The rest of our lives. Everything that Claudia said this week seemed to have some coded message that Jeremy couldn’t quite decipher. It hadn’t started out like this. Their first few days after the fire had ushered in a new, unexpected intimacy: Jeremy and Claudia had clung to each other on the air mattress like disaster survivors, comforted by the presence of each other’s bodies. She was so solid, so material, so familiar next to him; nothing else seemed quite as real. They’d had quick, desperate sex on the living room couch and the kitchen table, heightened by the smell of catastrophe around them.
But with the arrival of his in-laws and the dawning reality of their situation, the freeze had crept back into their marriage, as if Ruth and Barry were a magnifying lens that amplified all of Claudia and Jeremy’s problems. One of these days, they really should talk about their fight, which still hung in the air in the house, along with the lingering smell of smoke, but Jeremy was happy to avoid it for as long as he could. He was afraid of what might come out of his mouth if he wasn’t careful, what he might see if he opened his eyes and gave it all a good hard look.

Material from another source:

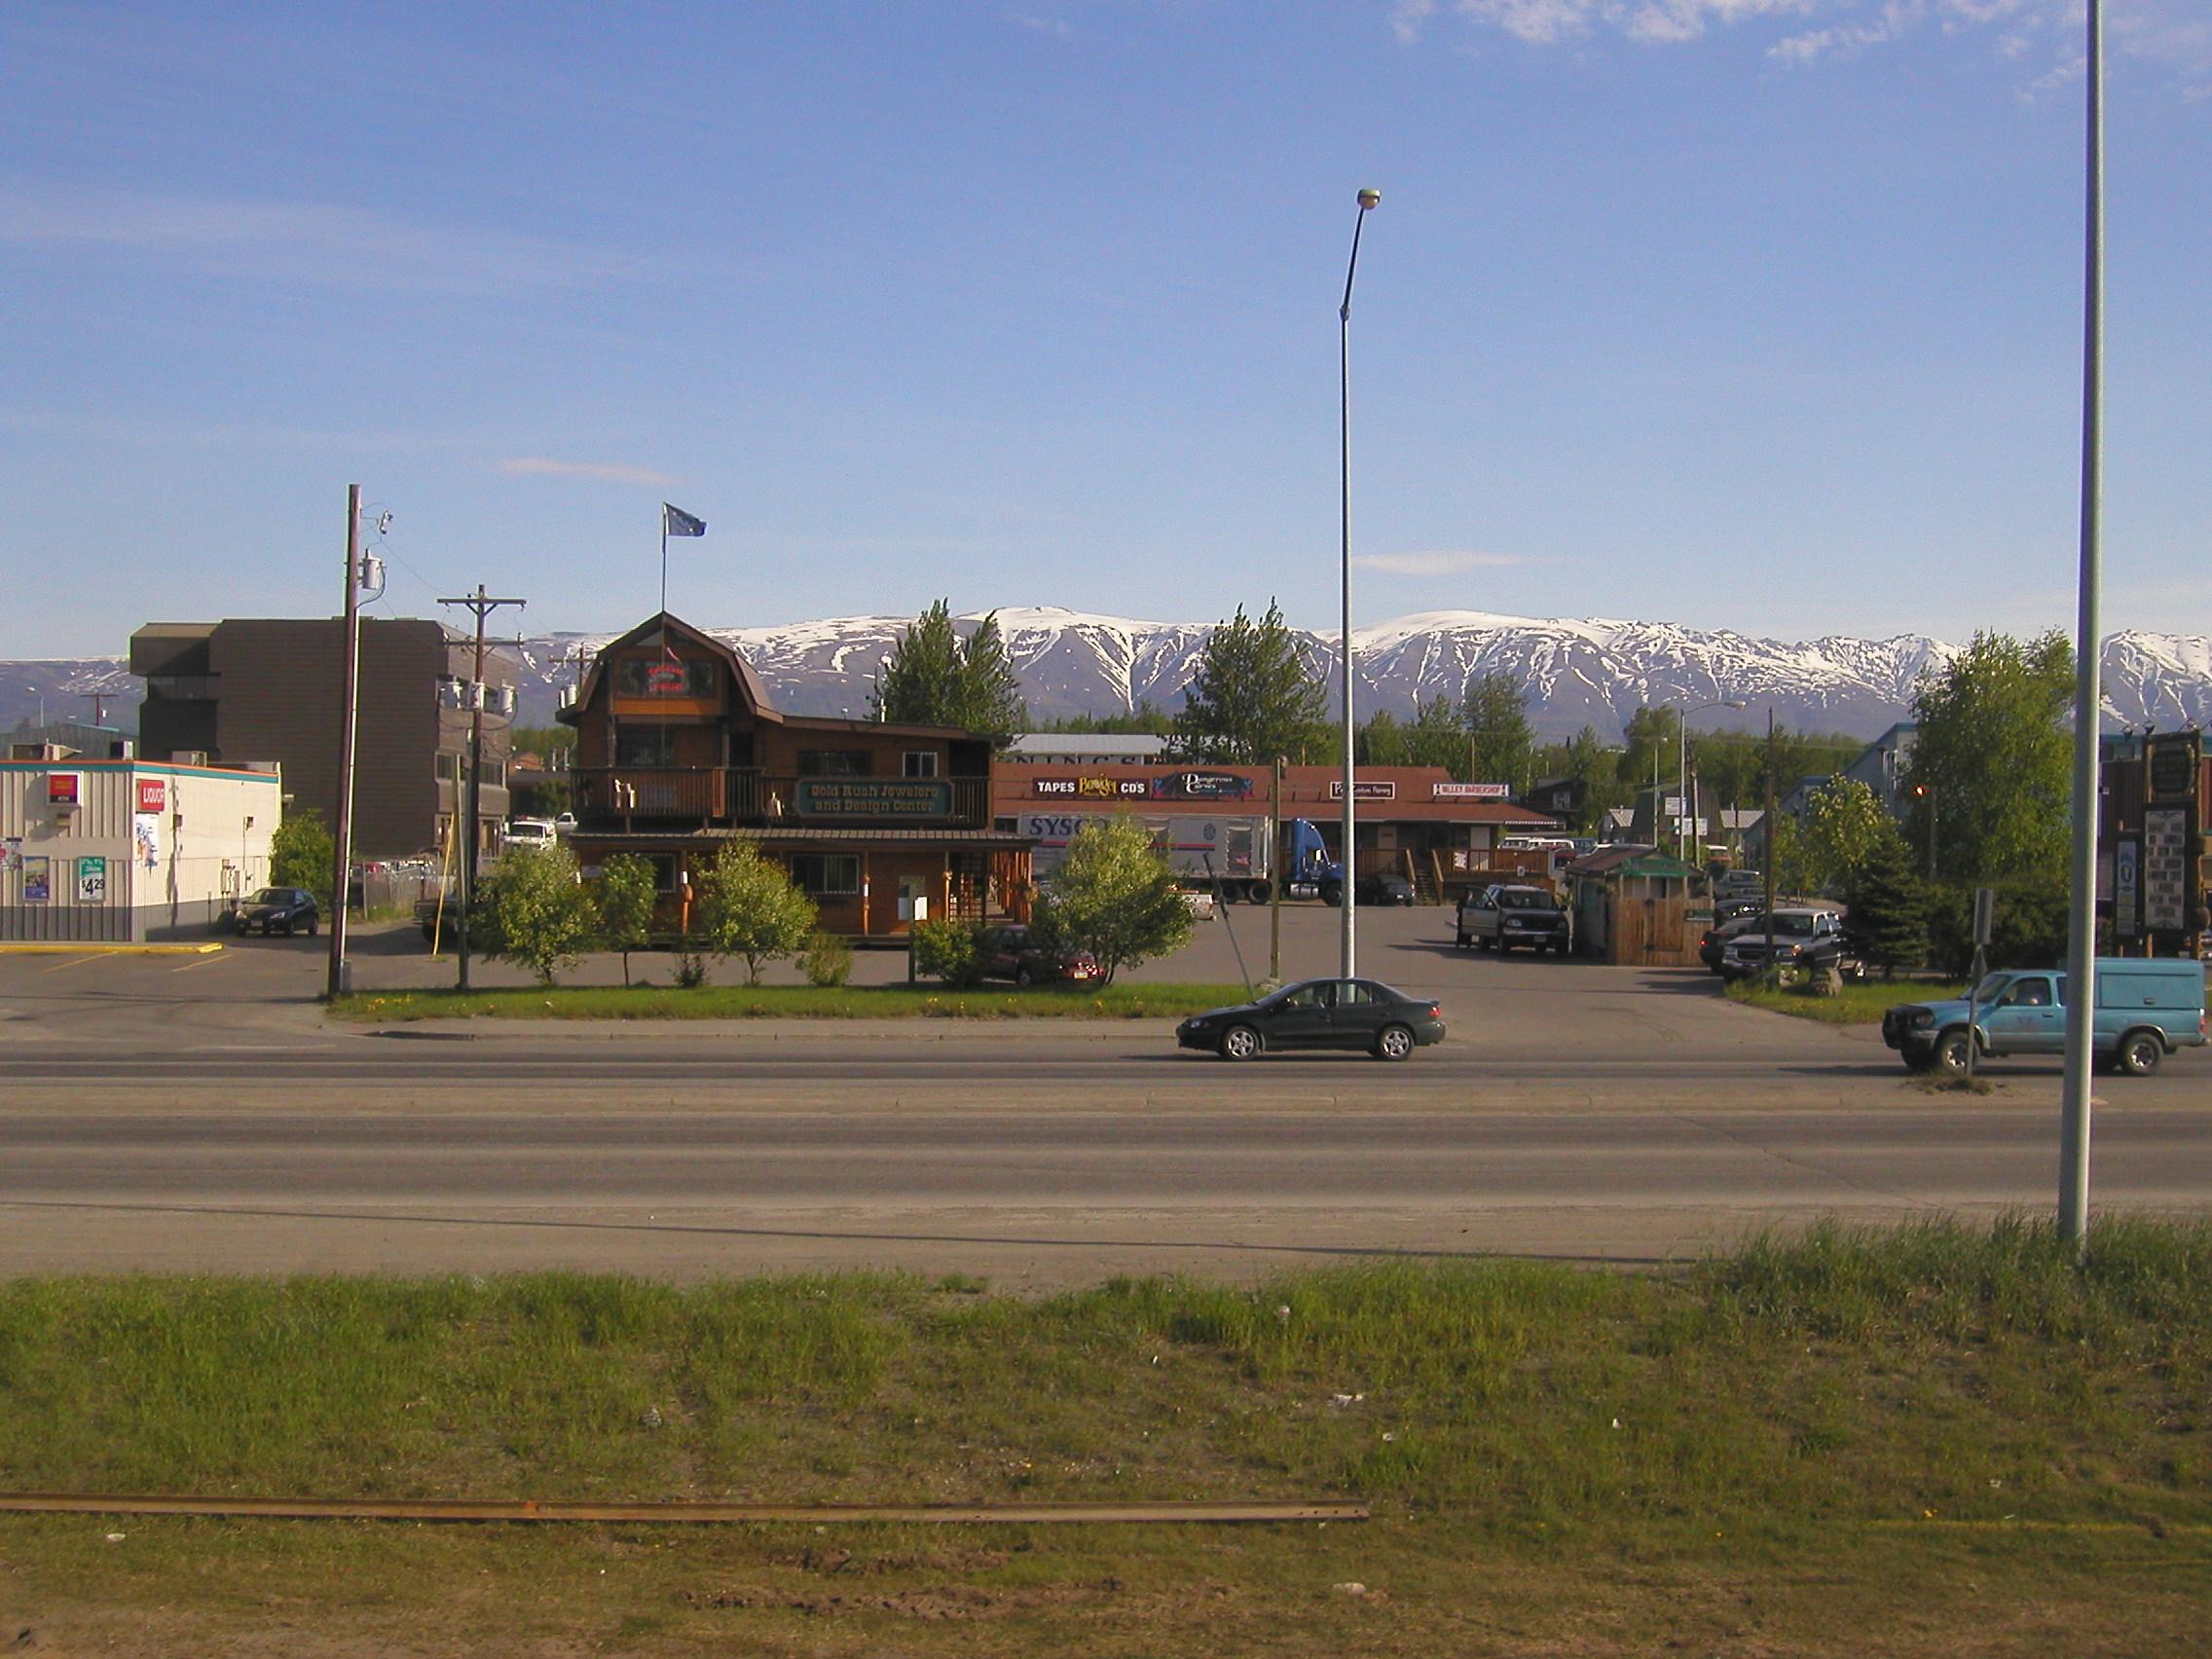 Strip Mall, Wasilla, Alaska (and Sysco truck)

Late one night, as he lay on the deflating air mattress, he’d had the terrifying thought that maybe love wasn’t what he’d once thought it was. You’re supposed to love the person you’re with just because of who they are, but how are you to know who someone really is when they’ve still got fifty or sixty years ahead of them? Maybe, when you’re young, you love people as much for their potential as for who they are right now. And if that’s the case, what happens to love when time passes and that potential starts to shrivel and fade? Does love die with it? He was afraid to talk about these things with Claudia, afraid that what he might end up telling her was that he wasn’t sure how he felt about anything anymore.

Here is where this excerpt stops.